UK Police and Encryption
From The Guardian:
Police last night told Tony Blair that they need sweeping new powers to counter the terrorist threat, including the right to detain a suspect for up to three months without charge instead of the current 14 days….
They also want to make it a criminal offence for suspects to refuse to cooperate in giving the police full access to computer files by refusing to disclose their encryption keys.
On Channel 4 News today, Sir Ian Blair was asked why the police wanted to extend the time they could hold someone without charges from 14 days to 3 months. Part of his answer was that they sometimes needed to access encrypted computer files and 14 days was not enough time for them to break the encryption.

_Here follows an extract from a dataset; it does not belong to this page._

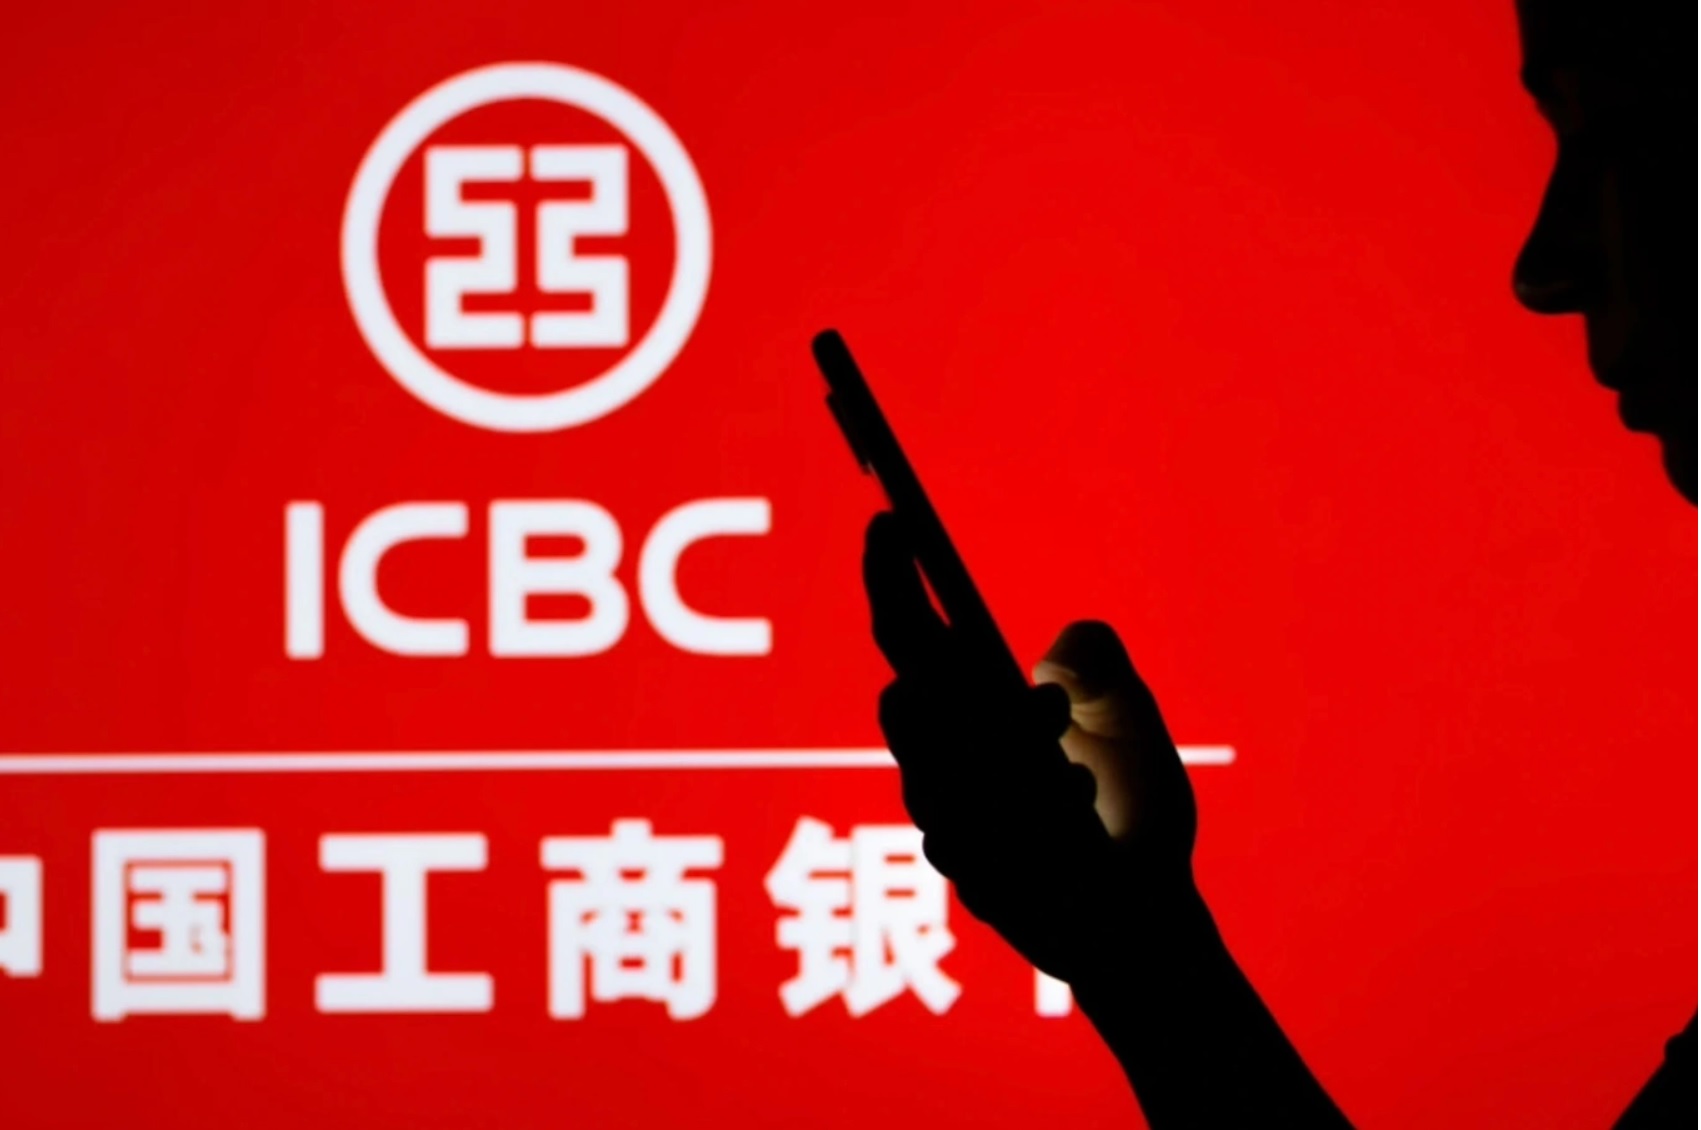 ICBC vừa bị hacker tấn công, khiến ngân hàng lớn nhất thế giới phải xử lý các giao dịch bằng USB (Ảnh: Cyber News).

There’s something fishy going on here.
It’s certainly possible that password-guessing programs are more successful with three months to guess. But the Regulation of Investigatory Powers (RIP) Act, which went into effect in 2000, already allows the police to jail people who don’t surrender encryption keys:
If intercepted communications are encrypted (encoded and made secret), the act will force the individual to surrender the keys (pin numbers which allow users to decipher encoded data), on pain of jail sentences of up to two years.
Chris • July 27, 2005 3:25 PM
Well, that’s an easy call for someone planning a bombing — you take the two years (of which you’re unlikely to serve more than one) and be happy that you didn’t get the life sentence you would have if you’d given the encryption key.